Yesterday, I sat watching the sky, and you know, I thought to myself - there are so many men out there. There are so many faces to love and bodies to touch and souls to get inspired by. But only one like yours. Only one face I want to see in the morning. One body I want to touch in the evening. One soul I want to merge with in the night. I thought this, and then suddenly, among the stars, there you are. You are the moon.

I know you wanted gold as stars, and blue as the sky, and really, it’s cute. I get it. But Arthur, I wanted silver like the moon - like you, always present, always visible, always mine.

So remember, remember, remember; when I go astray, be my moon, be my light.

Be mine,

Alfred.

Arthur didn’t speak. He cried. He felt the tears streaming down his cheeks, and though he didn’t say a sound, not a sob, his lips shivered when he dropped the letter into his own stack of batteries and stones and, now, love. A stack of love to keep. But what good is love when cut in half?

Arthur curled up by the closet, and he stayed like that, even when the front door opened, when Alfred walked the stairs, as he stood in the doorway. He stayed like that, even when Alfred moved the box, when he cut open his letter, when he read it. He stayed like that, even when Alfred’s arms wrapped around him, picked him off the floor, embraced him like the universe embraces the Earth - endless, eternal embrace.

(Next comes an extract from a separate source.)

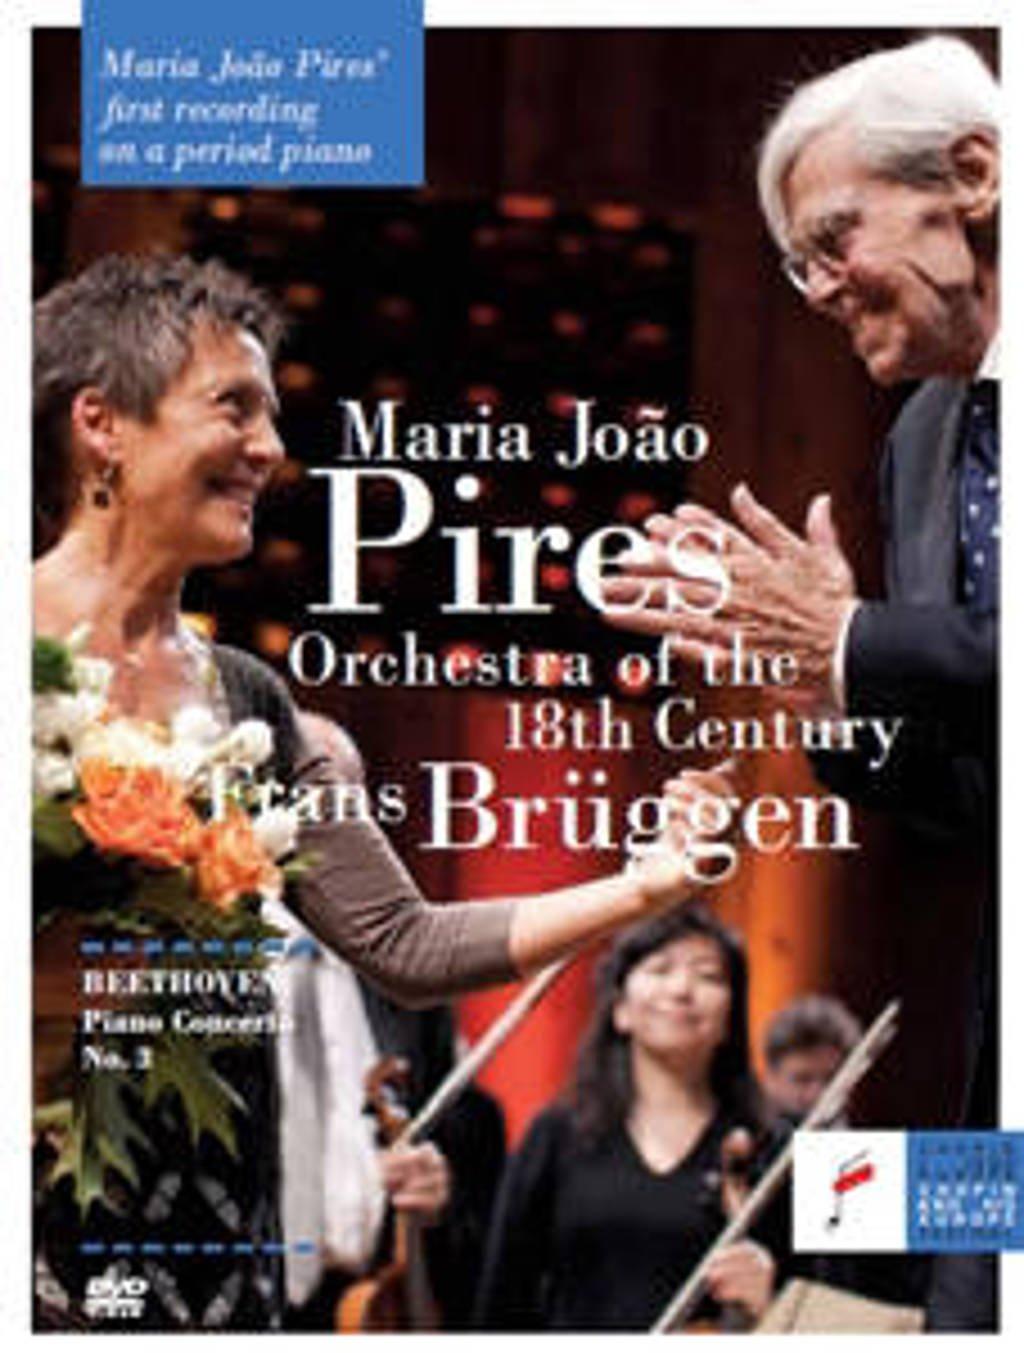 Maria Joao Pires - Beethoven Piano Concerto No.3 (DVD)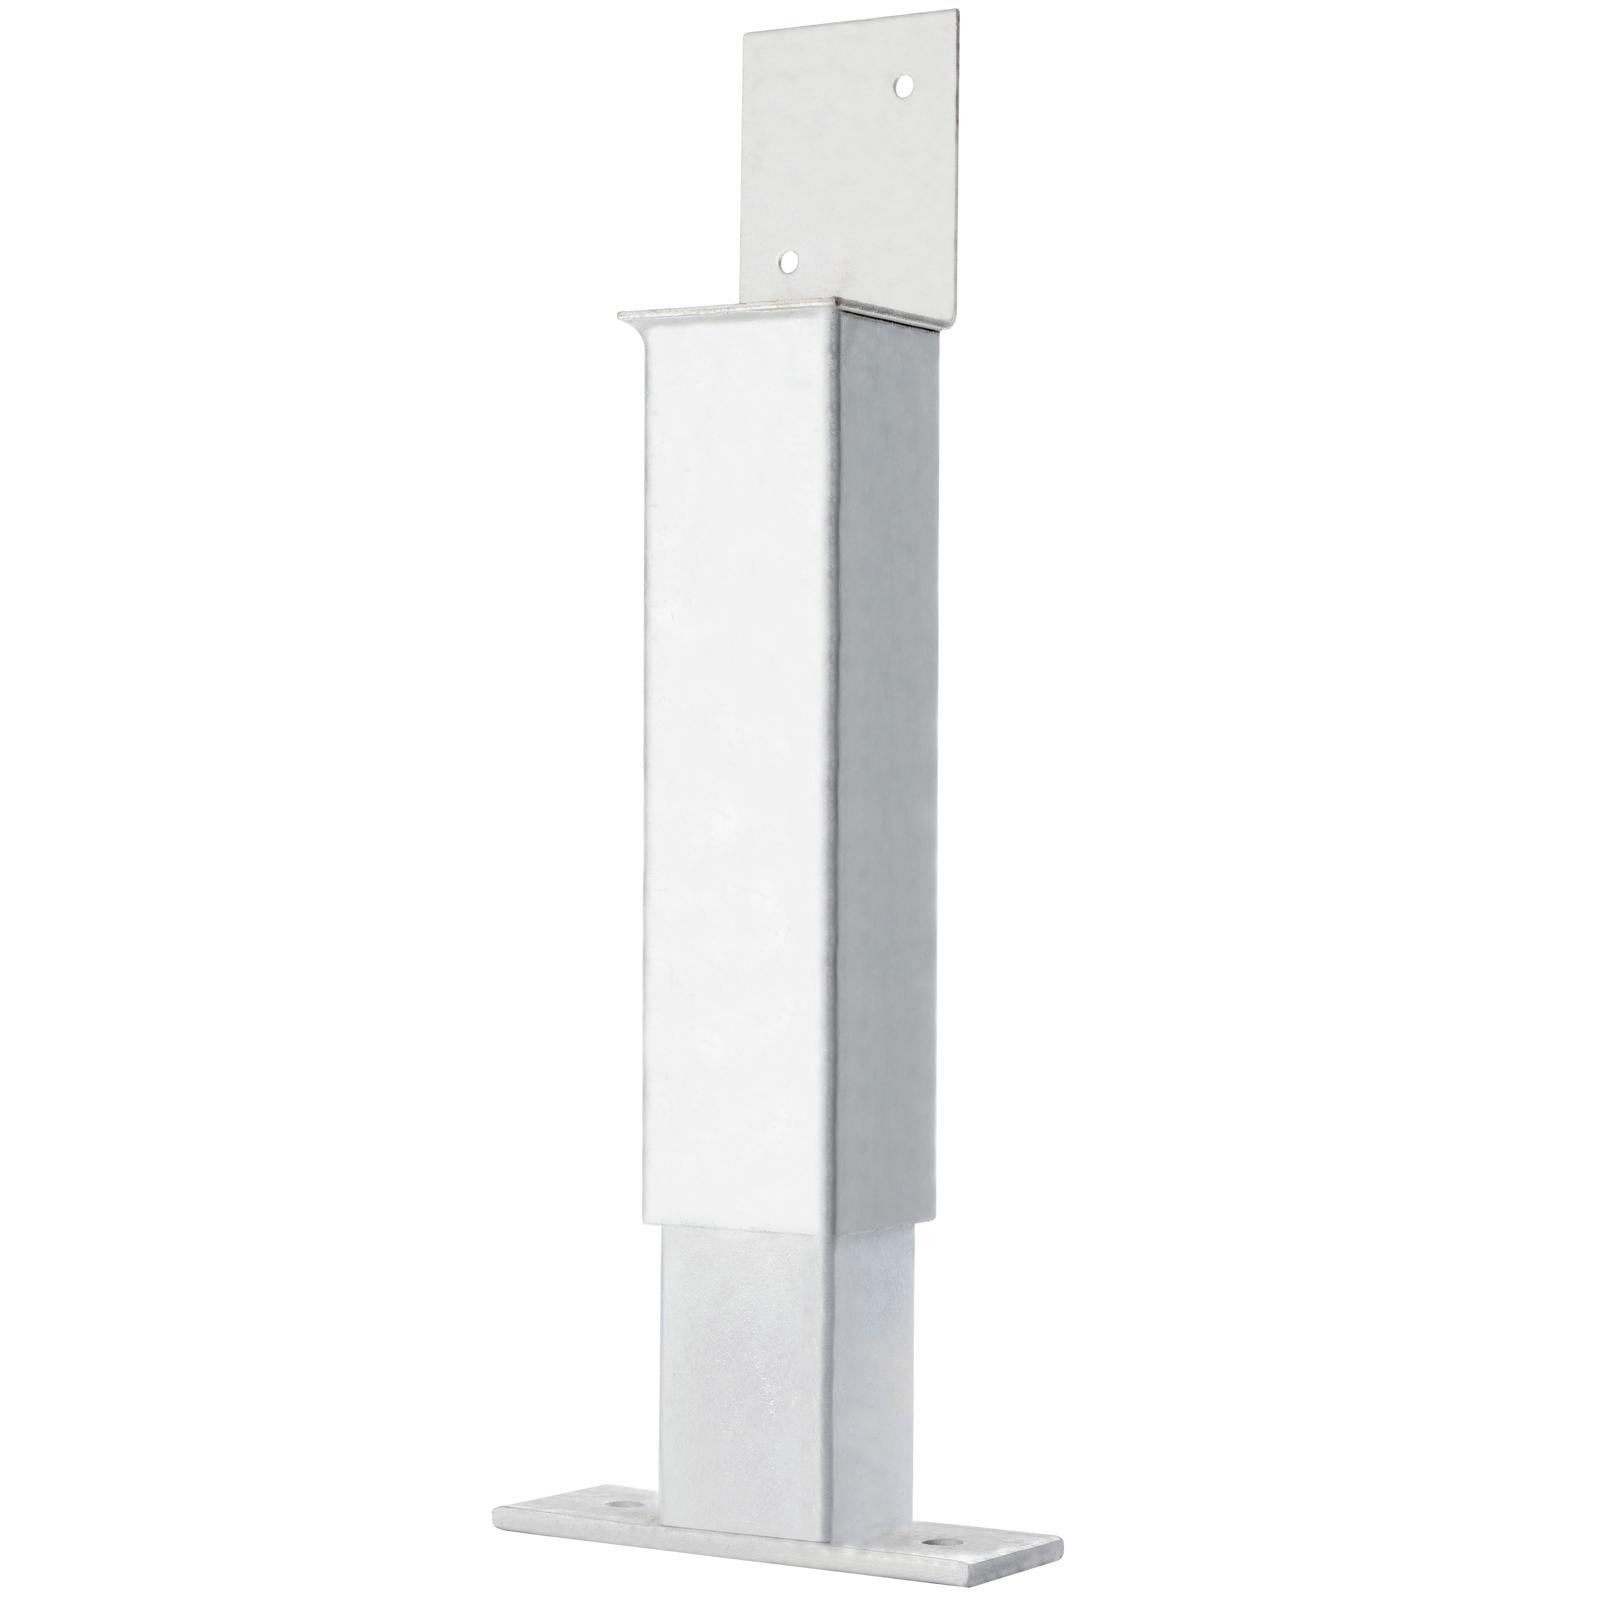 Uni-Pier 65 x 65 x 200mm Post With Head Without Antcap

He pressed his face to Arthur’s shoulder. He could smell the night on him. He’d been standing outside for hours. “What were you doing?” he mumbled. “What were you doing, leaving me like this?”

Alfred pressed his nose to Arthur’s hair and took in a deep breath. “I was lost,” he mumbled. “I was-…” His voice trailed out. He took in a few more deep breaths, then said, “I was looking for my moon.”

“Did you find it?”

Alfred’s fingers stroked up his spine. They intertwined in his hair. His lips pressed to his forehead, “That and much more.”

Half for you. Half for me. The batteries went back in the closet. The books back in the shelf. The box got two new letters and a new name - Alfred and Arthur’s Promise Box, to be opened: 2034.


End file.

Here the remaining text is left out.